Journalist: My immediate concern here is the innocent minds of children. Do you believe there is a real danger of corruption and abuse?
McKenna: Without question. To children, the web is like the enchanted forest. It can reveal many wondrous things, but like the enchanted forest, its full of danger, including the influence of SPI. In my book, The Unseen, the villain uses SPI to guide victims to his controlled psychopath, Zoby. He commits murder by remote suggestion. Intelligent young women are subconsciously influenced to trust Zoby, to do as he requests, to allow him into their homes, to visit remote places where he waits, to get into his car. The danger to children is in not realising how their trust in a stranger happened. The Unseen are out there, the paedophile, the psycho and the rapist. Predators from the dark side never go away, they simply adopt new technology to ensnare the unwary.
Journalist: And the big question. Do you think SPI could ever be used by governments to influence the masses?

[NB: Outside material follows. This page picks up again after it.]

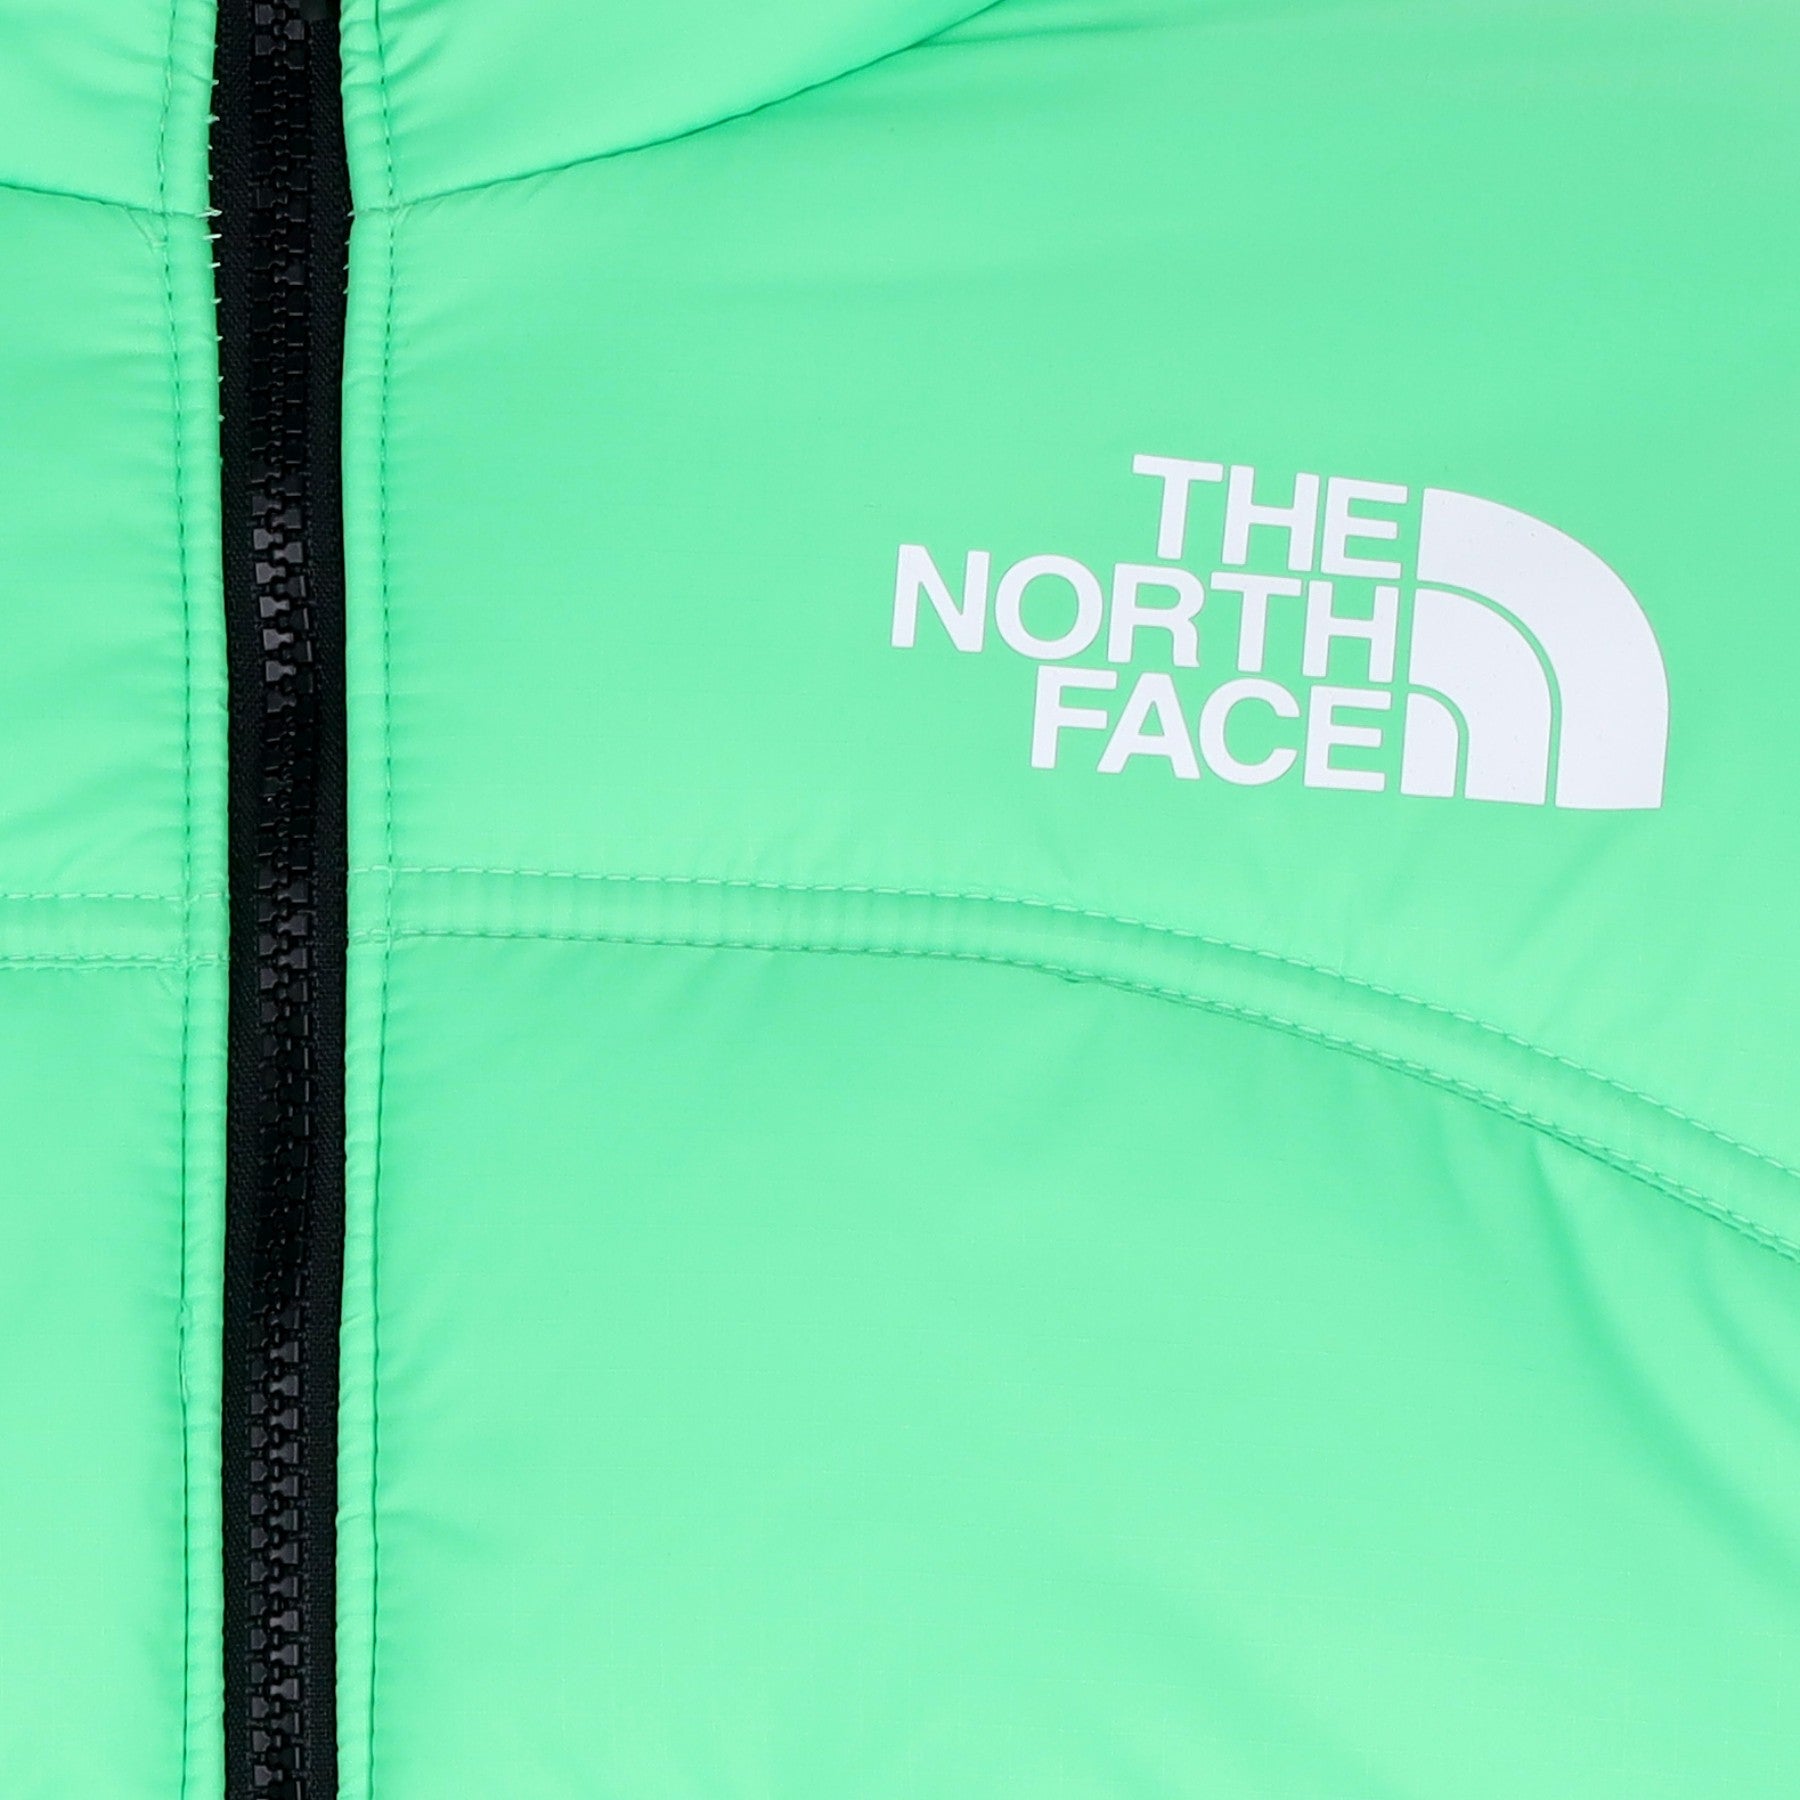 The North Face, Piumino Uomo Jacket 2000, 
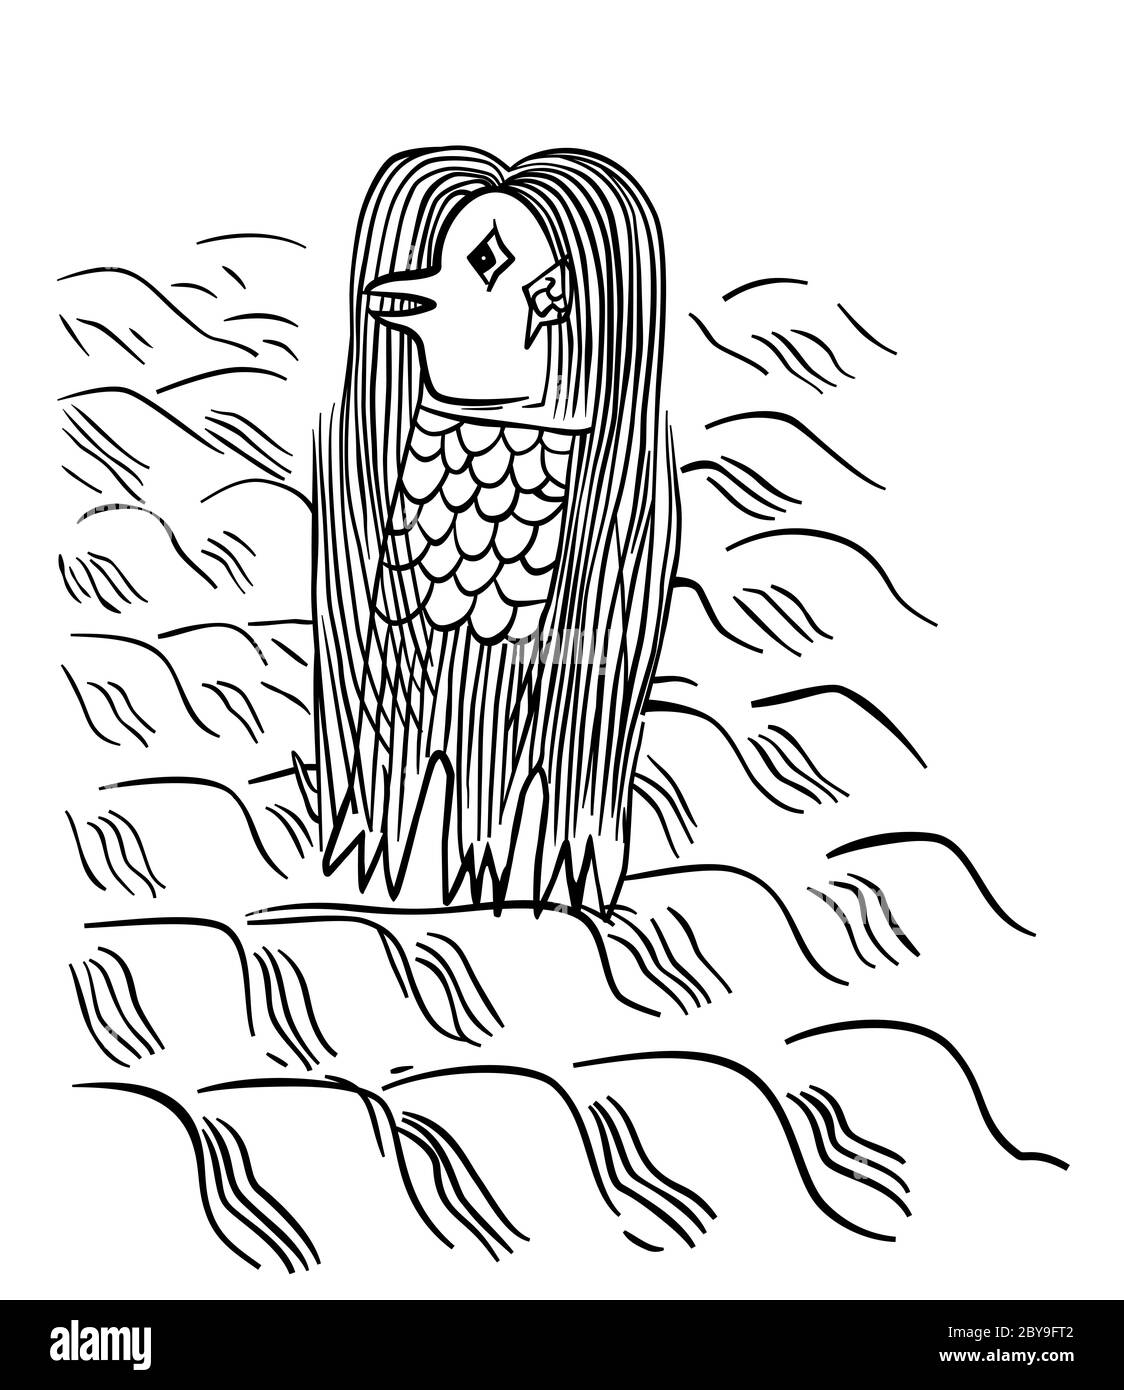 Amabie. Stampa di blocchi di legno giapponesi dal tardo periodo Edo. Sirena o merena, che emerge dal mare e profetizza un'epidemia o un raccolto abbondante. Foto Stock

McKenna: Who knows? Some big players would be required. Crucial organisations would need to be onside or at least contain executives believing national security outweighed their ethics. We are surrounded by CCTV cameras. Our phones and Internet are recorded. Our access to money is controlled by segmented labour activities bearing no just reward for endeavour and ability. Disposable income is dictated by tax and corporate control over everyday necessities required for survival. We are tracked by use of mobiles, oyster and credit cards. We are already a herded people in a controlled society allowed to vote for politicians who sit on the front bench, nodding their heads, drawing their salaries and playing the party game. The current financial crisis threatens to overturn this cosy environment and cause catastrophic unrest. Governments must be ready to safeguard the vast, law-abiding majority. Such action may well require certain political administrators to look beyond the rule book and political correctness. Big Brother is watching, waiting. Mass use of SPI is one way governments may choose to walk. All governments have covert agencies to combat terrorism and safeguard national security. But abuse and incompetence is inbuilt into all levels of administration, not least in our councils and parliament. Abuse of SPI introduced for anti-terrorist measures and civil unrest might also be used to influence mass voting, to encourage payment of taxes, to obey our administrators, the police, to stay in our homes and accept what we are told. But no government would do that would they?